● **PROBLEM TO SOLVE**:
Start at the line that contains "Johann Bernoulli Reisen" in the listing below and extract every line through the last, exactly; leave pictures out.

● **COLLECTED DATA**:
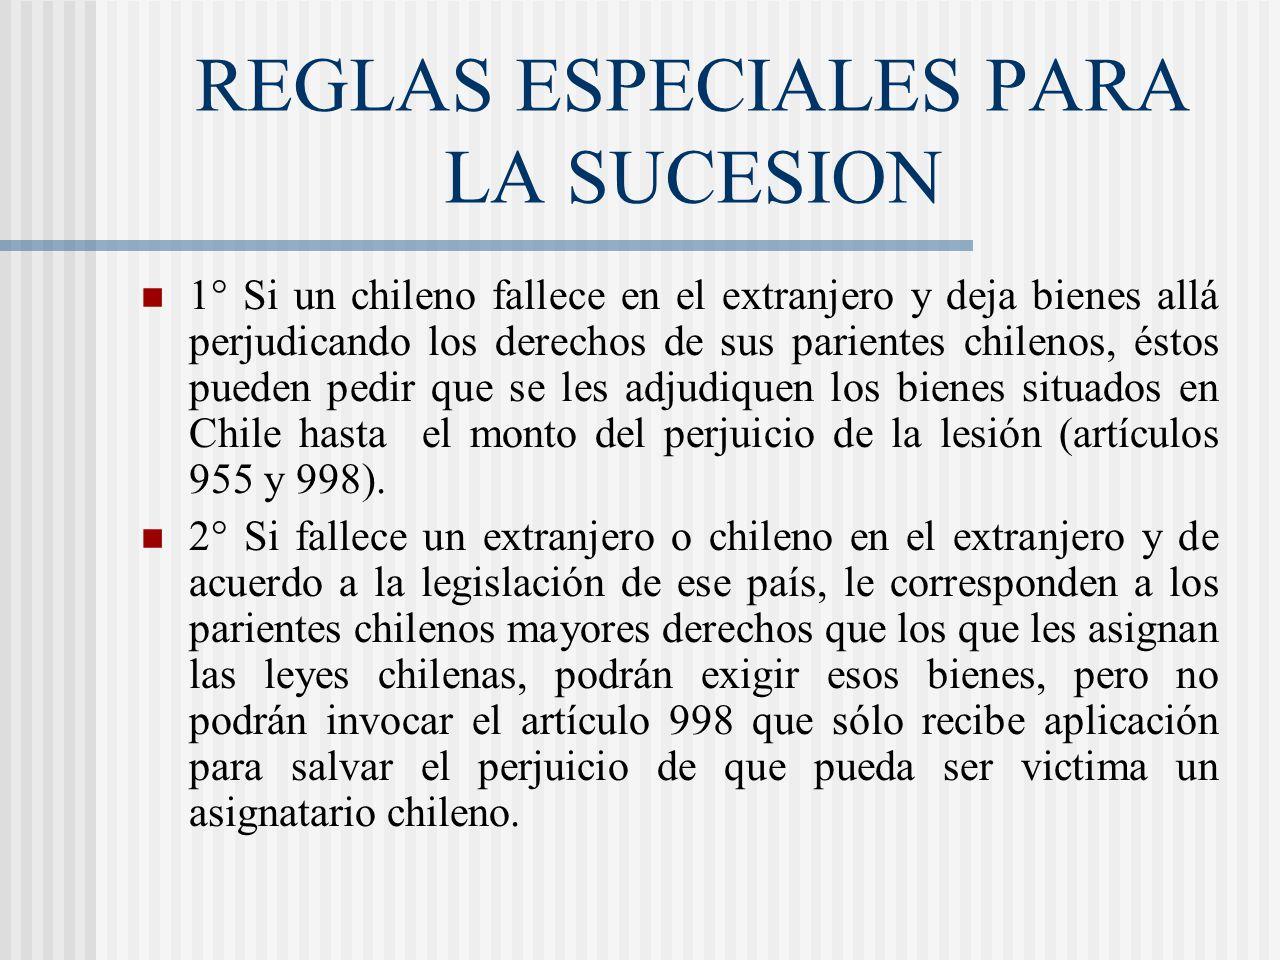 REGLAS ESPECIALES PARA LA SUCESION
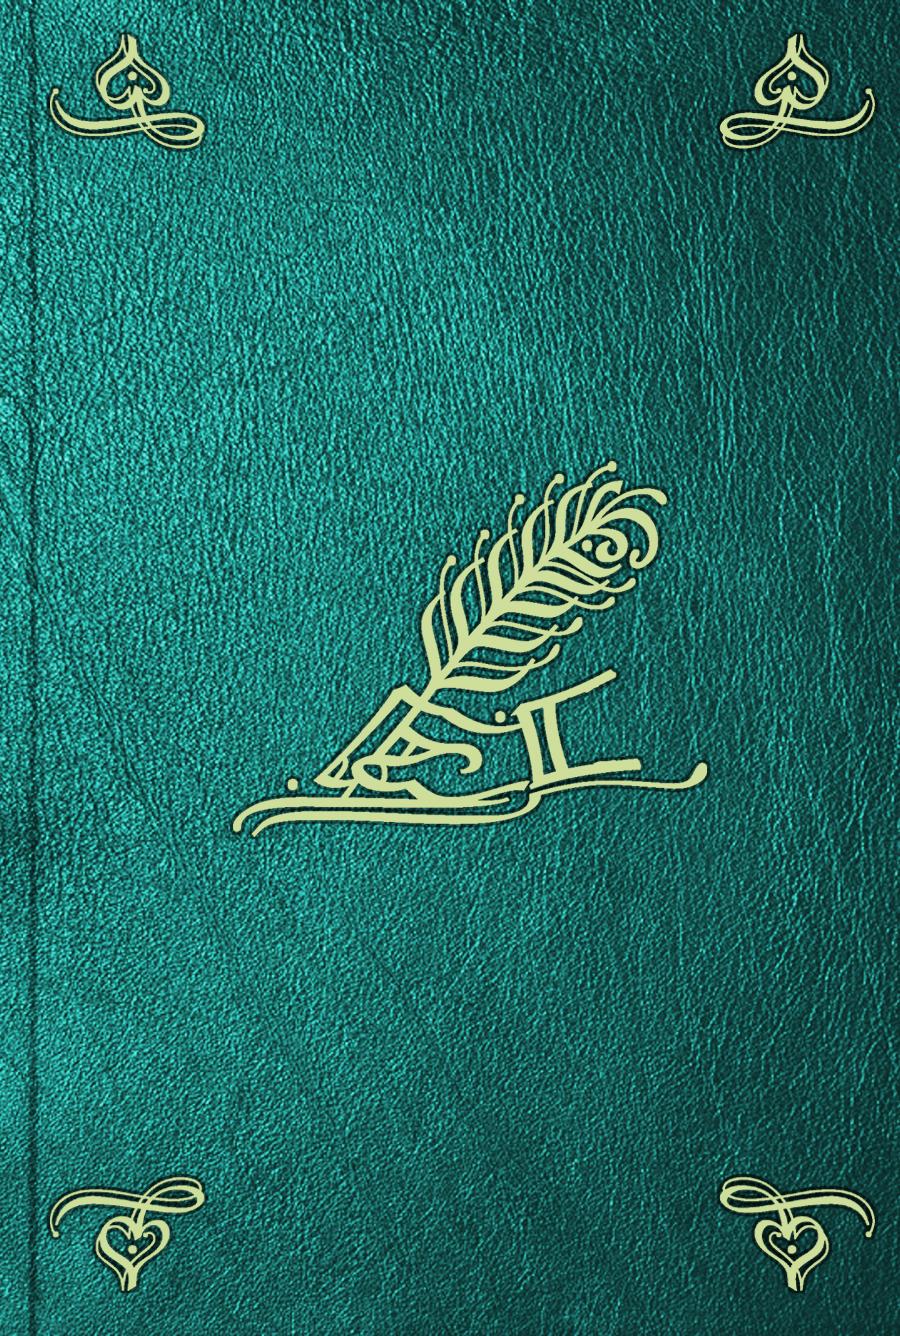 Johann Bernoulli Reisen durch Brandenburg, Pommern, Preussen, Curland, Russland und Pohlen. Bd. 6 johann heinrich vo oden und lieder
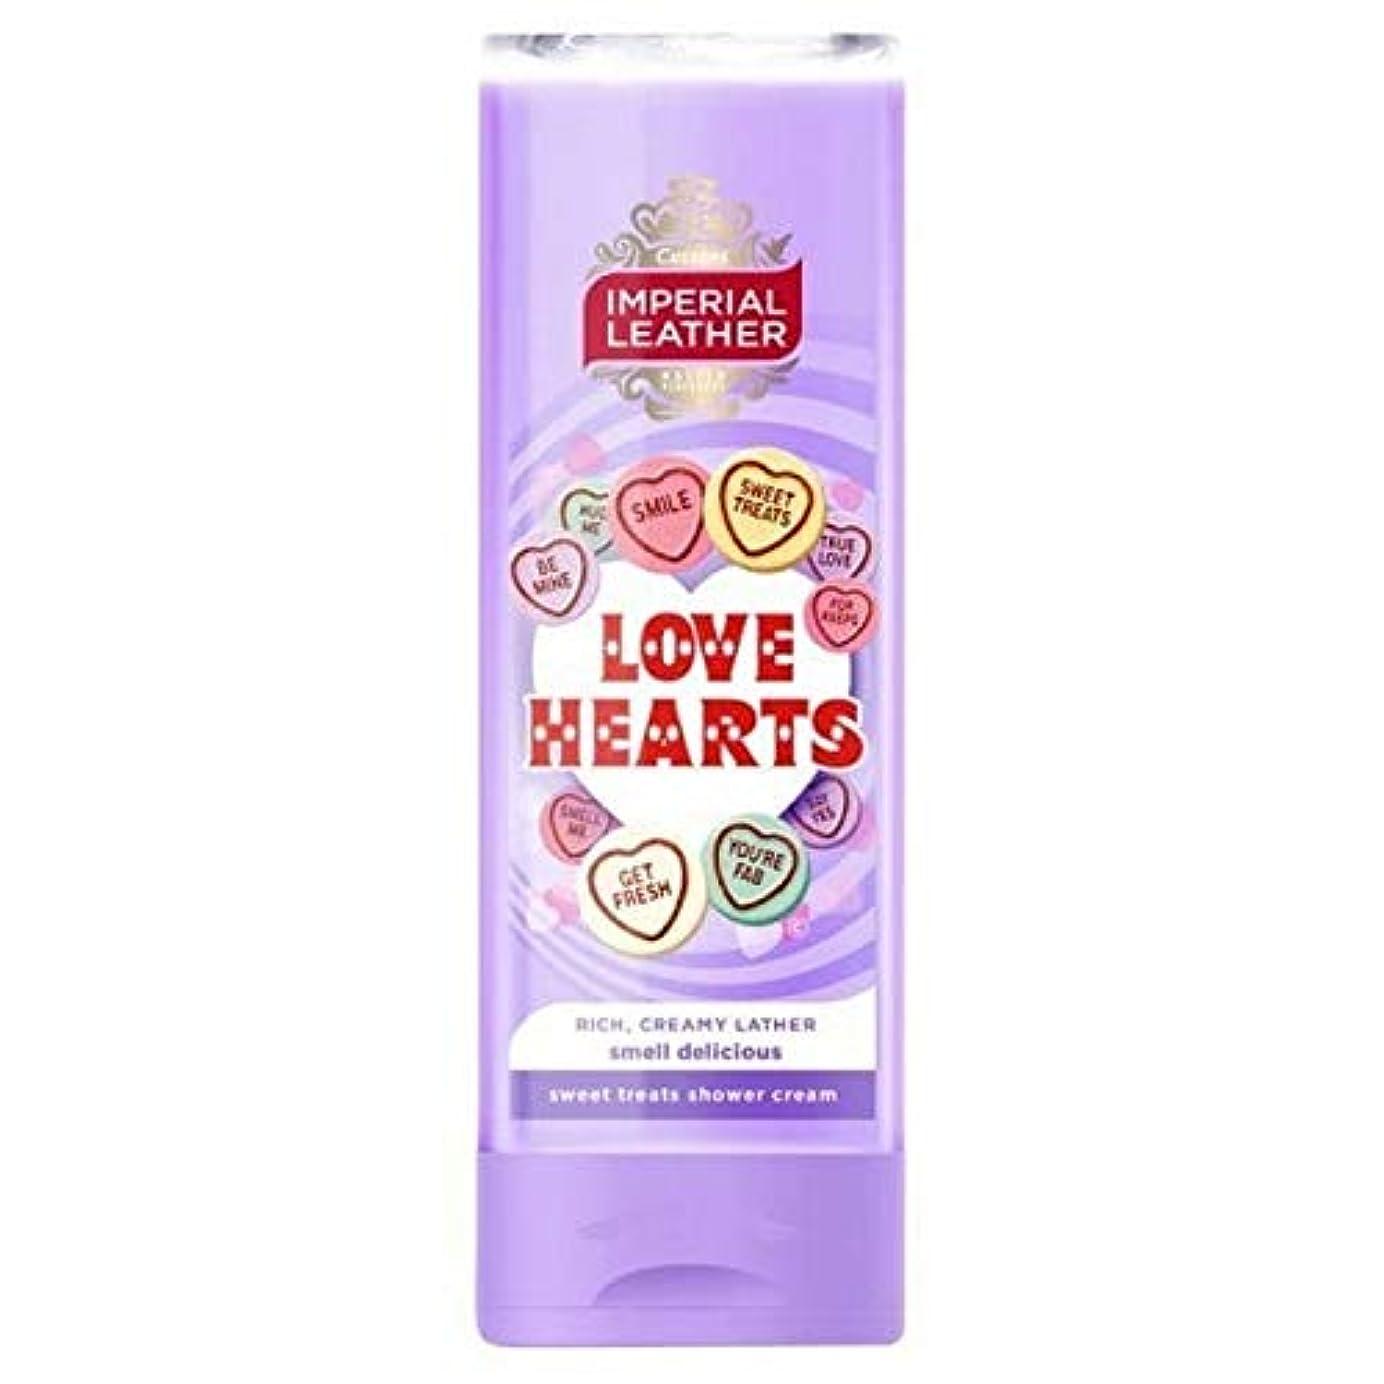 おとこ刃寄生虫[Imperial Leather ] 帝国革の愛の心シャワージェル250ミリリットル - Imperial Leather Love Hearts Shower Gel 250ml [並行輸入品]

● **WRITTEN SOLUTION**:
 Johann Bernoulli Reisen durch Brandenburg, Pommern, Preussen, Curland, Russland und Pohlen. Bd. 6 johann heinrich vo oden und lieder
 おとこ刃寄生虫[Imperial Leather ] 帝国革の愛の心シャワージェル250ミリリットル - Imperial Leather Love Hearts Shower Gel 250ml [並行輸入品]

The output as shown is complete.